时间:2019-11-25 21:03:46

标签: python scikit-learn nlp text-processing

我对NLP还是陌生的,但现在我们在课堂上遇到了多类文本分类任务。数据集包含文档的第一页,这些文档需要分类为24个主题中的1个或多个。每个文档文本在表中都是一行。

我尝试实现TD / IDF vorctorizer,现在分类器返回错误“ ValueError:设置具有序列的数组元素。”

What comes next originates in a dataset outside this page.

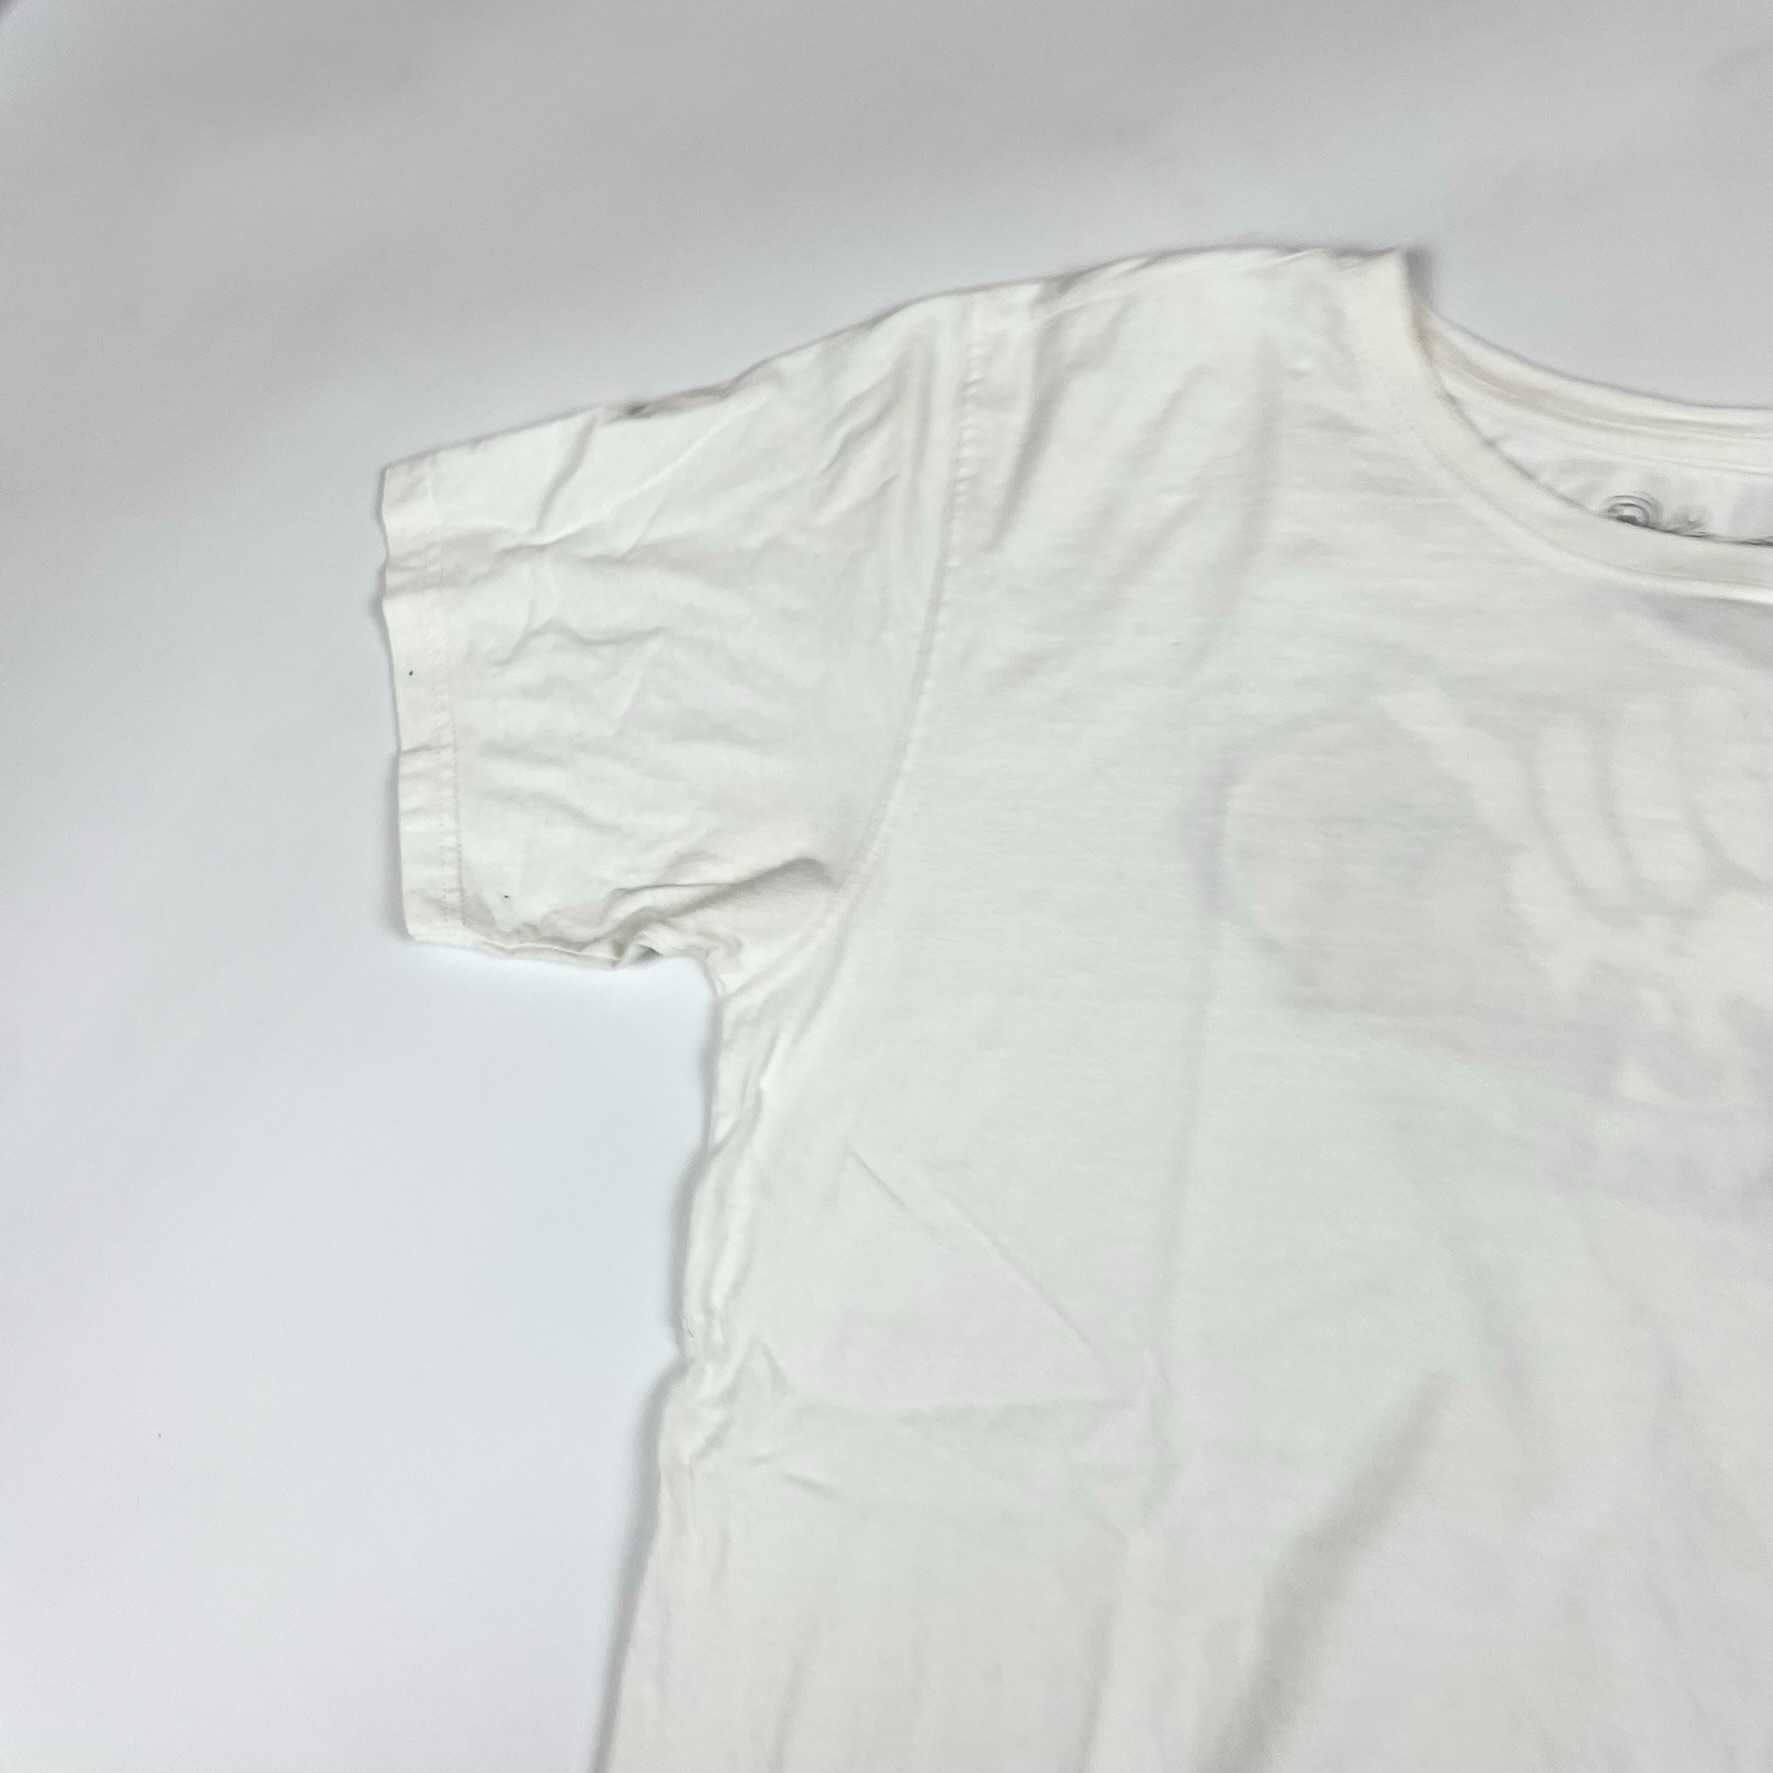 Vintage "surf riders" white T-shirt koszulka z dużym retro nadrukiem

即使它试图告诉我到底出了什么问题,我也无法缠住它,我不确定该怎么办以及我的TF / IDF是否正确。这让我想到,矢量化器将为每个条目在矩阵中产生不同数量的列,对吗?分类器该如何使用?

这是我的代码:

import pandas as pd
import sklearn.model_selection as ms
import numpy as np
import re
import nltk
from nltk.corpus import stopwords
from nltk.tokenize import sent_tokenize, word_tokenize

X_train = pd.read_csv('train_values.csv', nrows=3, delimiter=',', engine='c')

#tokenize 
from nltk.tokenize import RegexpTokenizer
tokenizer = RegexpTokenizer(r'\w+')
X_train['doc_text'] = X_train['doc_text'].apply(lambda x: tokenizer.tokenize(x.lower()))

#remove words
stopwords = set(stopwords.words('english'))
def remove_stopwords(text):
    words = [w for w in text if w not in stopwords]
    return words

#convert to list - otherwise vectorizer returns "'list' object has no attribute 'lower'"
X_train_list = X_train['doc_text'].tolist()

# compute TF/IDF
from sklearn.feature_extraction.text import TfidfVectorizer

X_train_n = []

for i in X_train_list:  
    vectorizer=TfidfVectorizer(use_idf=True)
    fitted_vectorizer=vectorizer.fit(i)
    vectorizer_vectors=fitted_vectorizer.transform(i)
    X_train_n.append(vectorizer_vectors)

y_train = pd.read_csv('train_labels.csv', nrows=3, delimiter=',', engine='c')
y_train_n = y_train.drop('row_id', axis=1)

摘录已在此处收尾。